Fotografia: Gisela Perdomo
Essa especialidade, também conhecida como Hemoterapia e Imunohematologia, talvez seja a disciplina mais ligada às demais áreas de uma operadora de saúde de média e alta complexidade. Nela convivem médicos, técnicos, bioquímicos e os tão necessários promotores de ONGs. Fora dos serviços de Medicina Transfusional, o trabalho interdisciplinar inclui a interconsulta com Hematologia, Clínica Médica, Ginecologia e Obstetrícia, Traumatologia, Cirurgia ou Pediatria.
Os hemocomponentes obtidos por doação são o suporte terapêutico de muitas patologias.
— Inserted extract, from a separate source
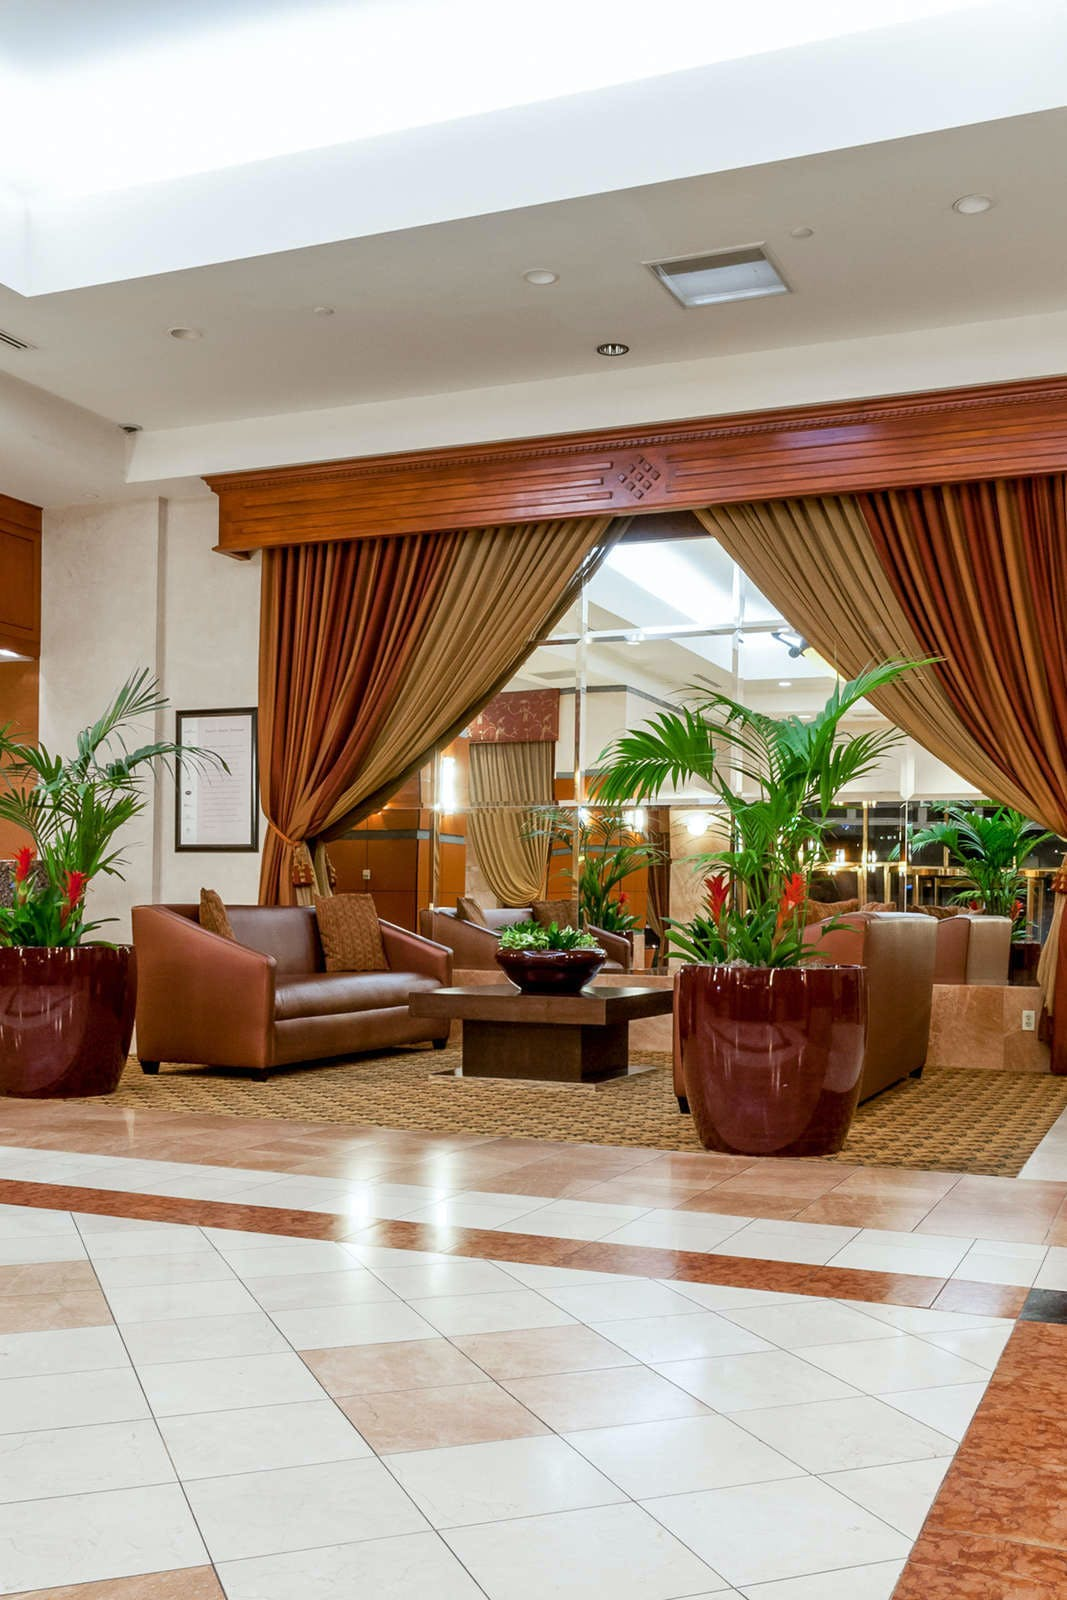 Hilton Los Angeles North/Glendale

Antes da autorização, o sangue é dividido e submetido a estudos sorológicos e imunohematológicos para respeitar as boas práticas de fabricação.
Uma extração pode ser transformada em uma flebotomia terapêutica. Existem doenças como Hemocromatose ou Policitemia Vera, em que a sobrecarga de ferro ou o excesso de glóbulos vermelhos se beneficiam do sangramento como a base do tratamento.
No contexto do estudo da paciente grávida, na República Argentina o diagnóstico e a prevenção da Doença Hemolítica Perinatal (DPH) são contemplados pelas Normas Técnicas da Lei Nacional do Sangue Nº 22.990. A etiopatogenia desta condição está relacionada com a presença de anticorpos maternos na circulação fetal, com sintomas e/ou sinais que incluem anemia de origem hemolítica, eritroblastose, Hydrops fetalis (acúmulo excessivo de líquidos no espaço extravascular) e icterícia severa.
As diretrizes da American Society for Apheresis (ASFA) são um compêndio essencial para a tomada de decisões com base em evidências científicas. A plasmaférese é um procedimento através do qual, através de uma máquina, é possível retirar plasma com anticorpos nocivos responsáveis por diversas doenças como púrpura trombocitopénica trombótica, Síndrome de Guillain-Barré ou nefropatias de origem imunitária.
O conceito contemporâneo de Hemoterapia e Imunohematologia inclui também os transplantes hematopoiéticos e as terapias celulares. Tanto o suporte transfusional quanto a coleta e posterior infusão de células-tronco requerem um profissional altamente capacitado no assunto. Em relação às terapias celulares, o plasma rico em plaquetas apresenta atualmente algumas melhorias clínicas em certas patologias do sistema osteomioarticular sem o apoio de ensaios clínicos randomizados de alta classe.
Fotografia: Gisela Perdomo
Por fim, no campo da medicina transfusional, o que nunca devemos esquecer é que ao final do processo (da doação à transfusão) existe alguém que precisa do melhor hemocomponente possível para conseguir sua evolução ou corrigir paliativamente um diagnóstico irreversível. De Agote, Landsteiner ou de milhares de doadores anônimos ao redor do mundo, o sangue nos conecta para salvar vidas.
A IntraMed agradece a Gisela Perdomo (pediatra e fotógrafa) por compartilhar seu valioso trabalho com nossos leitores.